■ **DATA EXTRACT**
++++++++++++++++++++

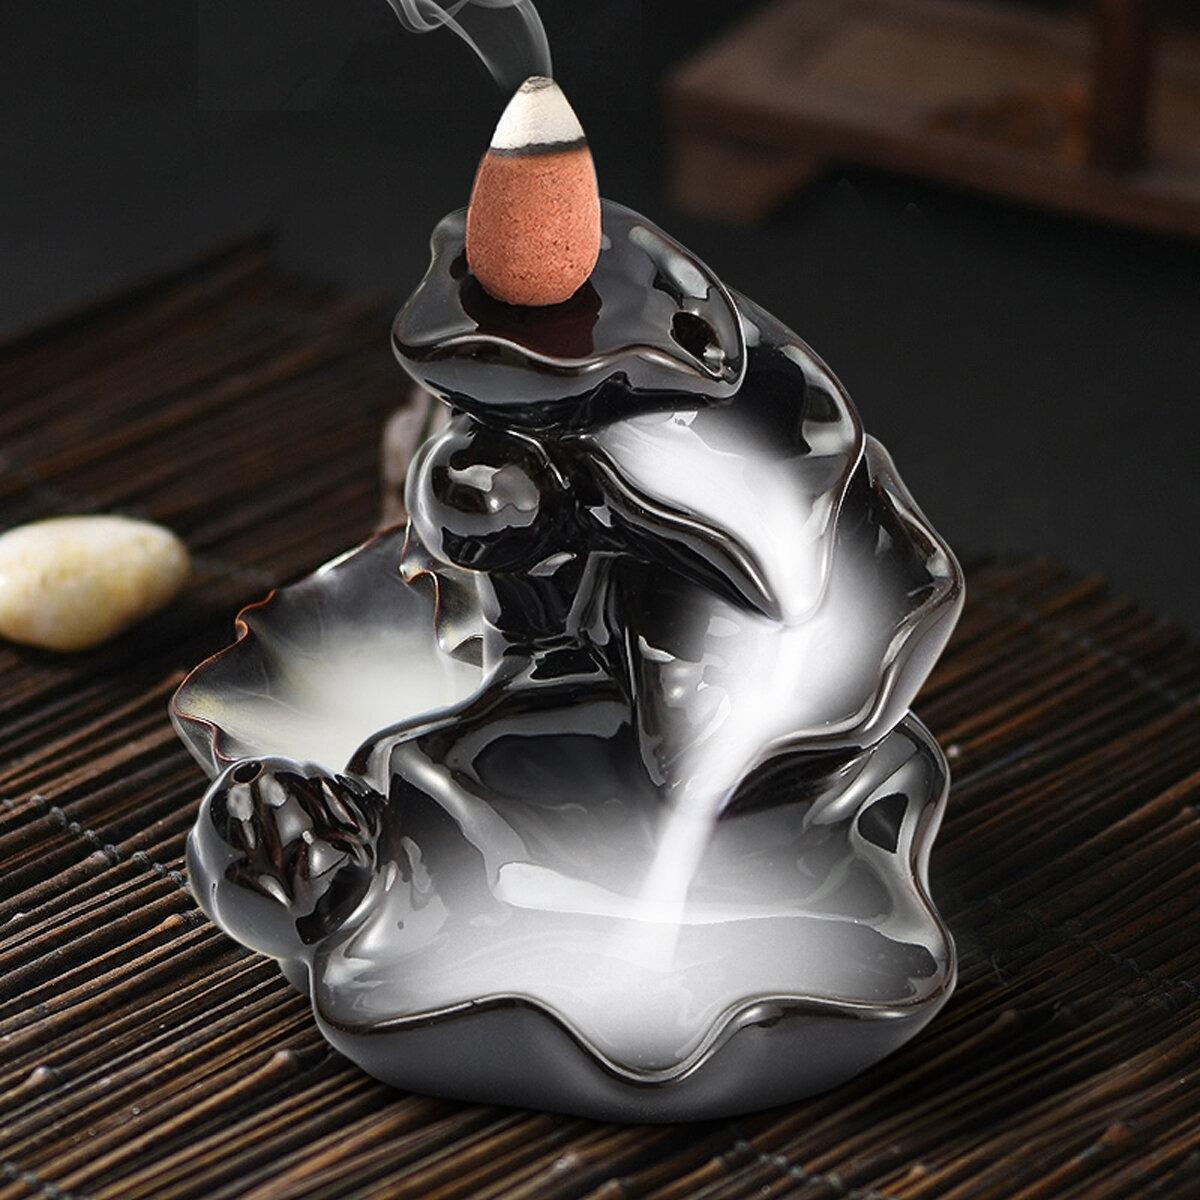 逆流香コーンバーナーホルダーセラミックロータス香り香りのある煙逆流ホーム香炉の装飾
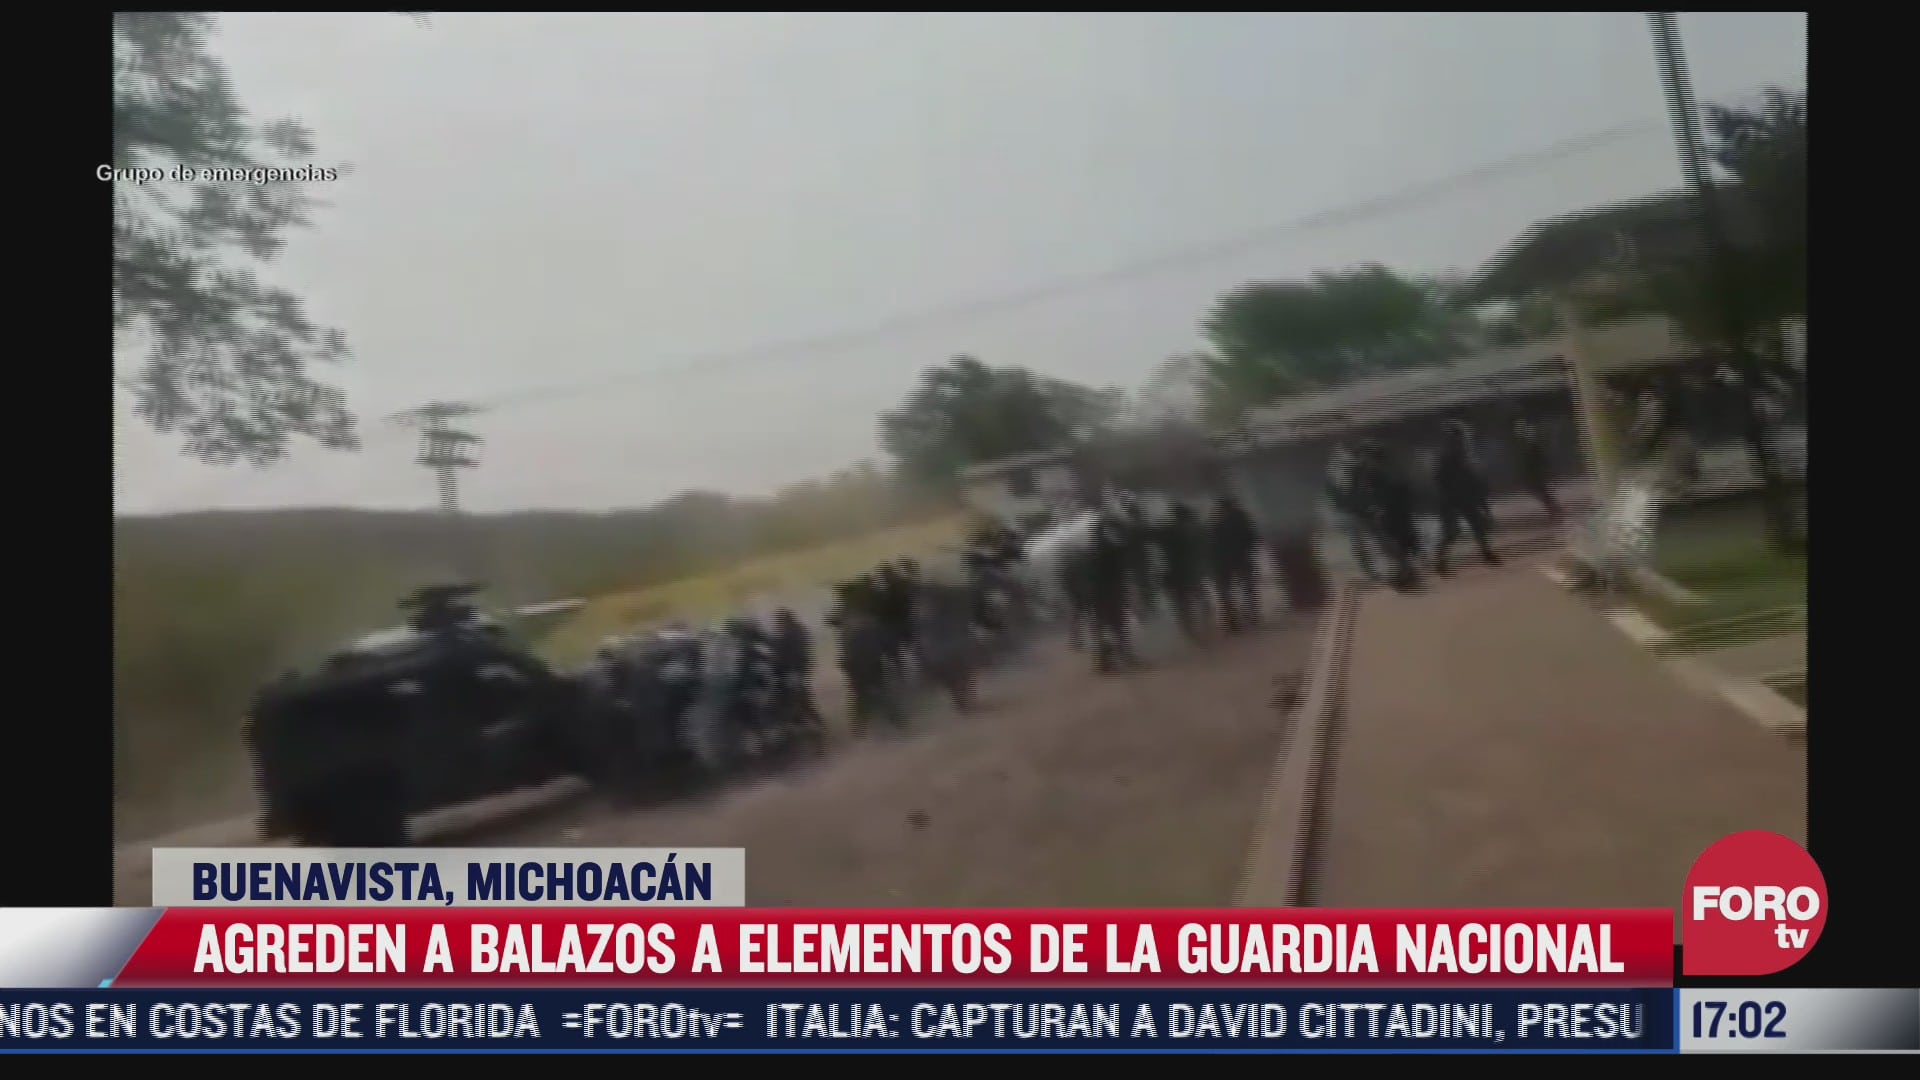 agreden a balazos a elementos de la guardia nacional en michoacan
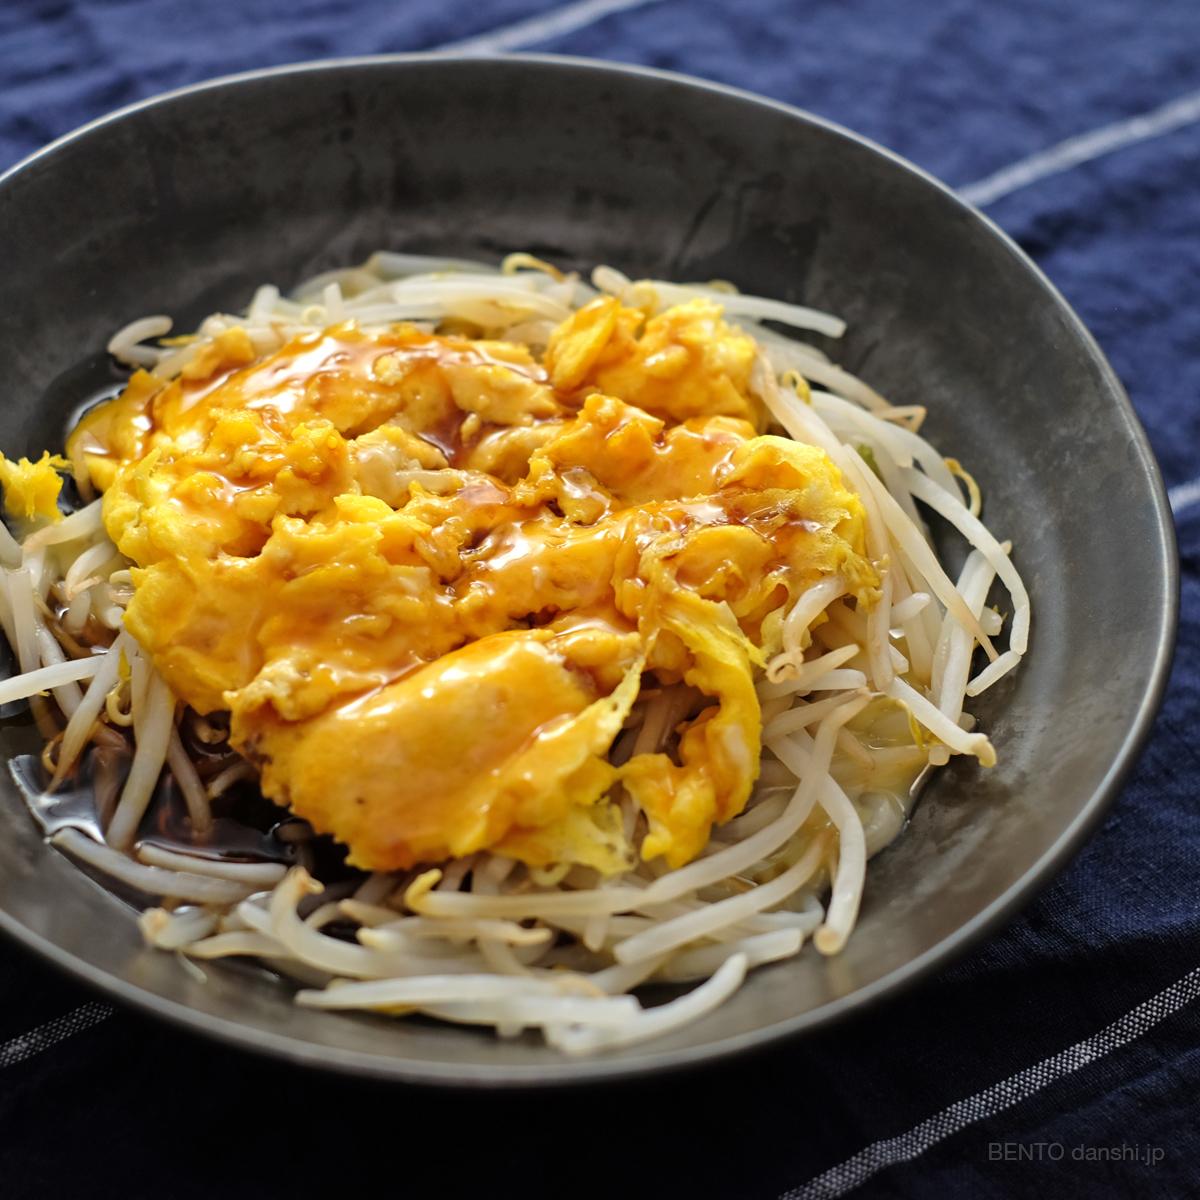 節約しつつ大満足!『ふんわり卵ともやしのあんかけ』は、もやしと卵の大量消費にも適した優秀・節約おかずレシピです。

++++++++++++++++++++

■ **WORK TO COMPLETE**
Rewrite the data above exactly as given, but omit the images.

■ **RESULT OF THIS TASK**
 逆流香コーンバーナーホルダーセラミックロータス香り香りのある煙逆流ホーム香炉の装飾
 agreden a balazos a elementos de la guardia nacional en michoacan
 節約しつつ大満足!『ふんわり卵ともやしのあんかけ』は、もやしと卵の大量消費にも適した優秀・節約おかずレシピです。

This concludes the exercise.